## PROBLEM REQUIREMENTS
Starting from the line in which "podcastwedding @wedding_and_event_podcast" appears, set down each line exactly through the end of the listing, and nothing else. Leave out pictures.

## COLLECTED DATA
──────
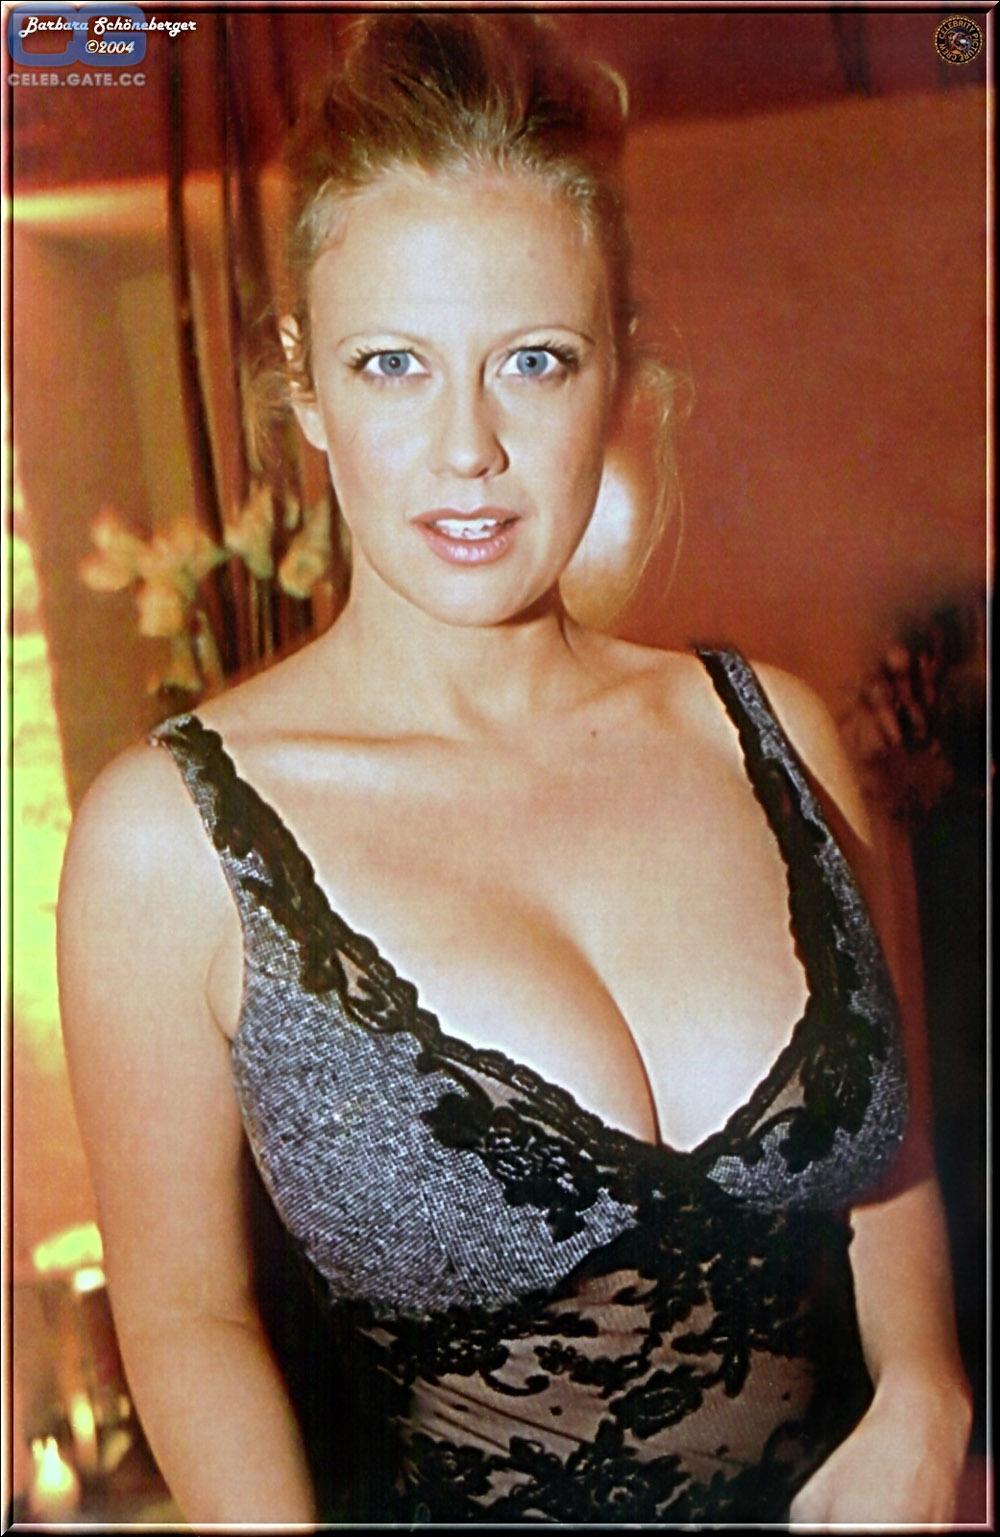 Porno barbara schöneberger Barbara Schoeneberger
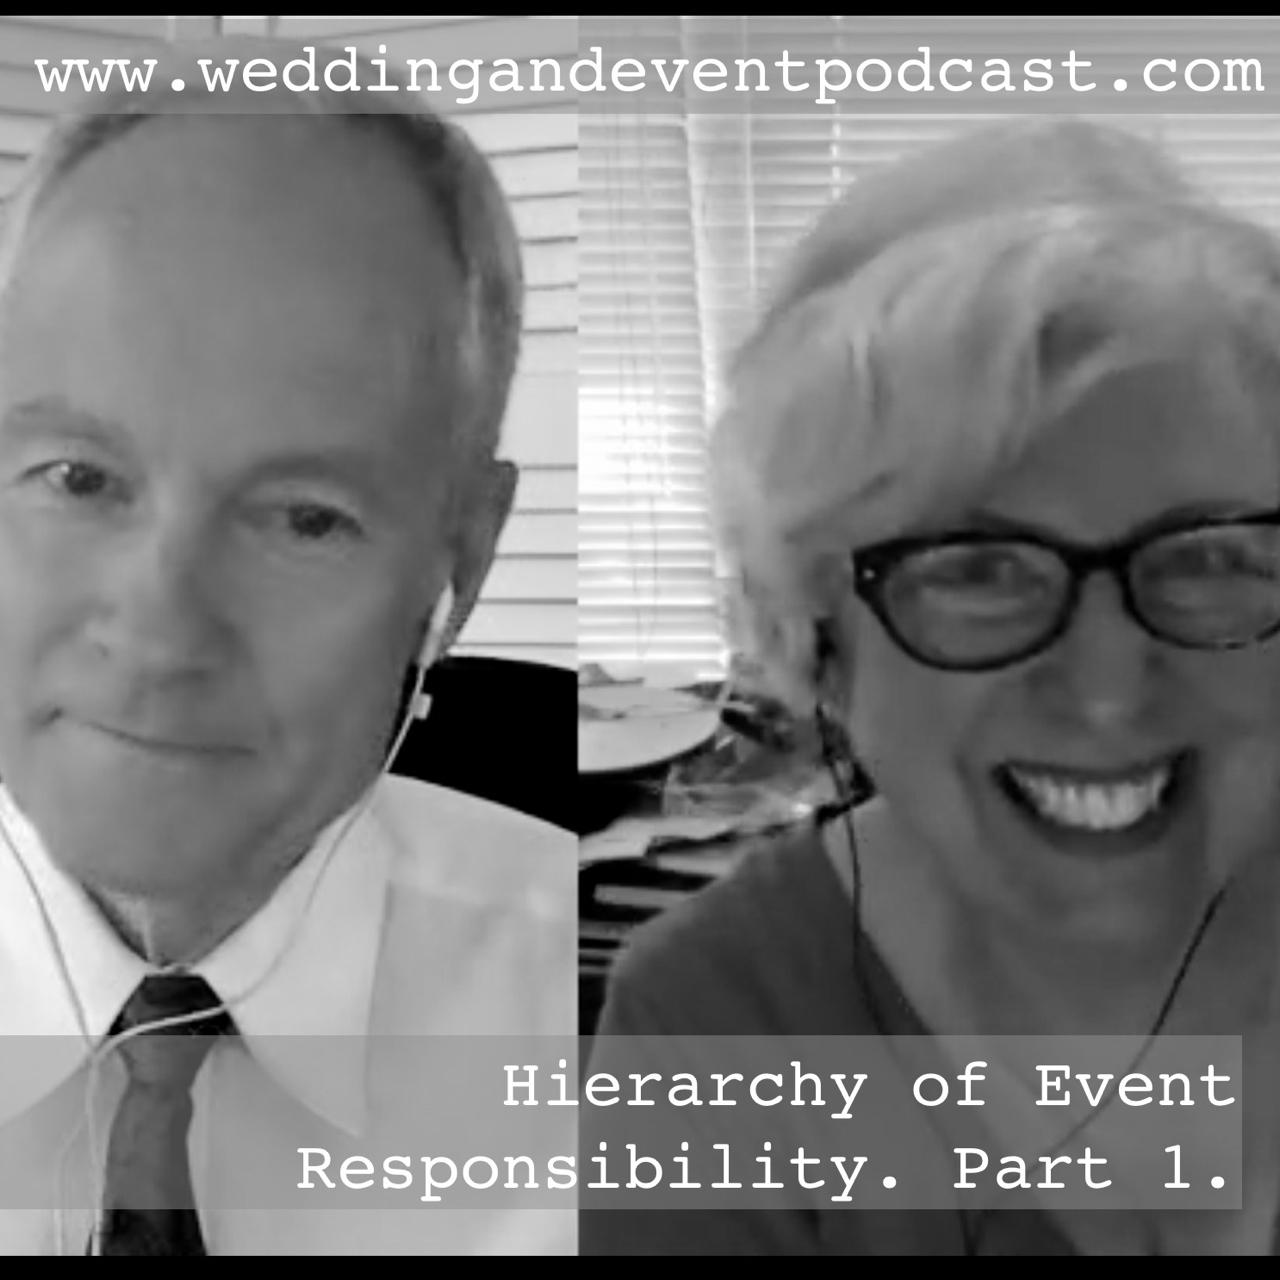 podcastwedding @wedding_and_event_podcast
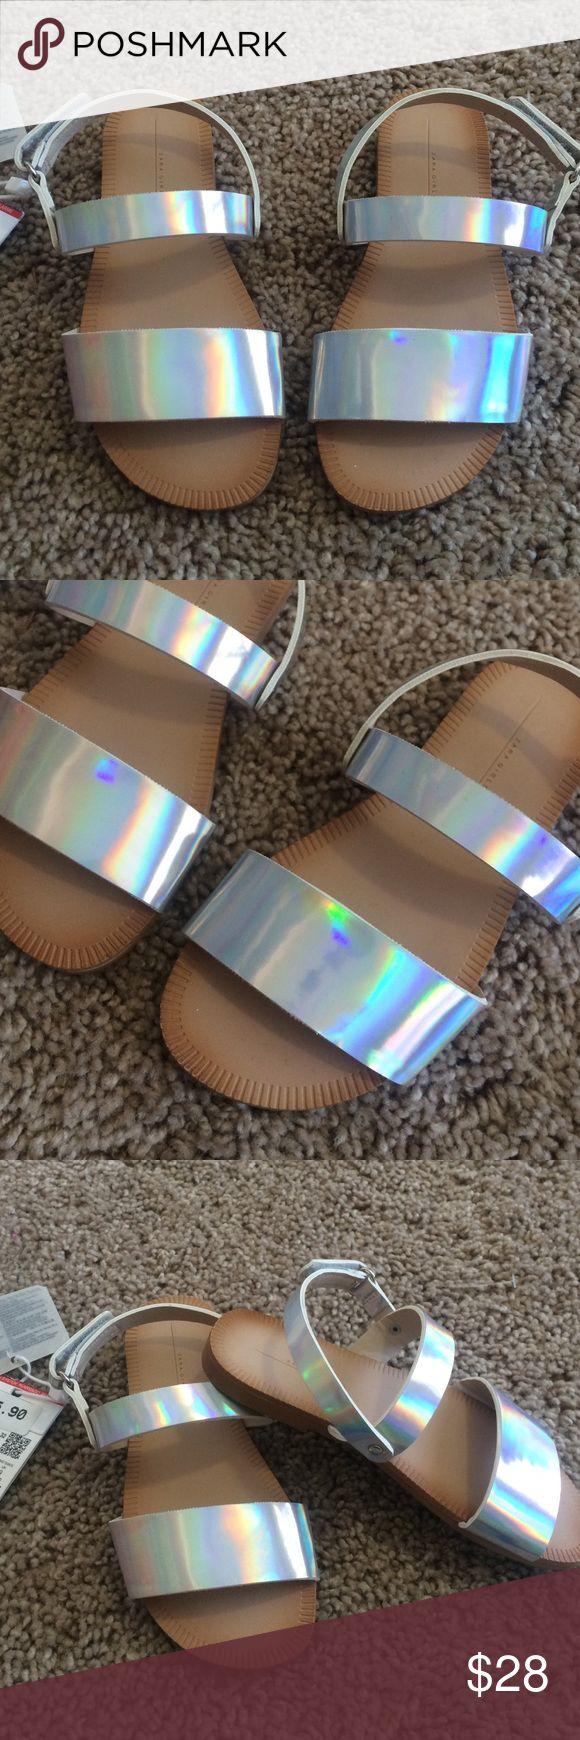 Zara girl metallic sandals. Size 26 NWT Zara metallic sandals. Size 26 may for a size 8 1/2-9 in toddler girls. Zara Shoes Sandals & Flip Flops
──────
## EXERCISE RESPONSE
 podcastwedding @wedding_and_event_podcast
 Zara girl metallic sandals. Size 26 NWT Zara metallic sandals. Size 26 may for a size 8 1/2-9 in toddler girls. Zara Shoes Sandals & Flip Flops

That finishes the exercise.